Adams has always been an adaptable politician, comfortably switching between the two major parties with the changing wind directions. He switched from being a Democrat to a Republican in the 90s, then back to a Democrat. He even contemplated running as a Republican in 2021 and considered it again in 2025.

In an interview, Tucker Carlson suggested Adams had previously been “intimidated into supporting things he doesn’t believe in,” and stated he and the mayor “have a lot of gut-level agreements.” Adams considered attending Trump’s October campaign rally at Madison Square Garden, according to Carlson, before ultimately deciding against it.

“Eric always was more right-leaning,” Reverend Al Sharpton commented. “He wasn’t one of us.”

The migrant crisis was Adams’s first significant test as mayor, significantly impacting his relationship with two presidents. “Joe Biden is trying to hang me out to dry,” the mayor said during a meeting with members of Congress at City Hall in 2023, as per an attendee. By 2025, the Trump administration, which sought to dismiss Adams’s corruption charges, contended that the mayor needed unrestricted freedom to assist the new White House’s deportation efforts.

But Adams’s views on immigration are more complex than is widely understood. He has personally welcomed asylum seekers upon arrival in New York and slept on a cot in a tent shelter. He also foretold, before his indictment, that the issue would “destroy” the city, amplifying fears about migrants committing both minor and violent crimes.

“I’m going to make sure my people are taken care of,” Adams privately said shortly after winning the primary, noting that the white mayors before him did the same.

Consequently, rather than choosing a cabinet solely on merit, he established a City Hall divided into technocrats and cronies.
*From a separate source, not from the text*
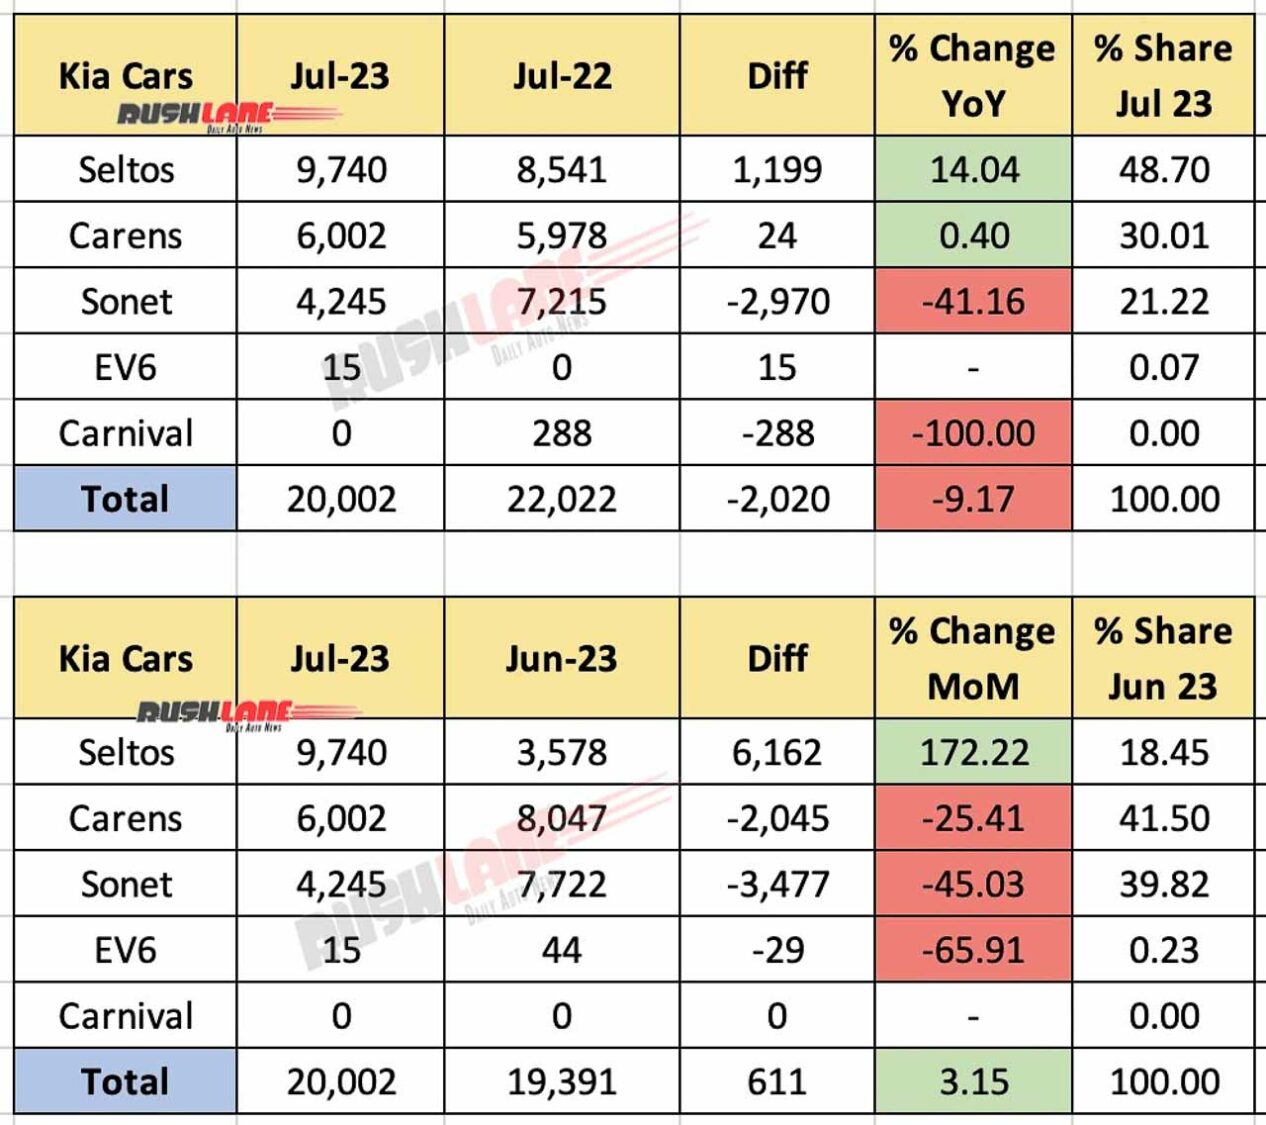 Kia India Sales Breakup July 2023

The fallout has devastated City Hall and left it leaderless. By his fourth year in office, nearly all of Adams’s most trusted aides had departed amid investigations and scandal, including his chief adviser, police commissioner, interim police commissioner, first deputy mayor, and schools chancellor. Bill Bratton, a police commissioner under two previous mayors, assessed the situation: “Too many friends with too many problems in too many high places.”

Adams often tells his audience, “I am you.” At his most effective, he has woven his life story—the life of a defiant youth turned officer turned mayor—into the fabric of New York’s own tumultuous and resilient history.

“The mayor must embody the city’s characteristics,” Adams remarked last year. He does, especially now: self-focused, sleepless, quick on his feet, and burdened with complicated crime issues. His legal troubles have developed against the backdrop of a city that often feels like it’s losing its collective mind, agitated by a sequence of semi-surreal scenes from the subways to the streets that New Yorkers experience daily.

Perhaps Adams is New York. But New York might not remain his for much longer.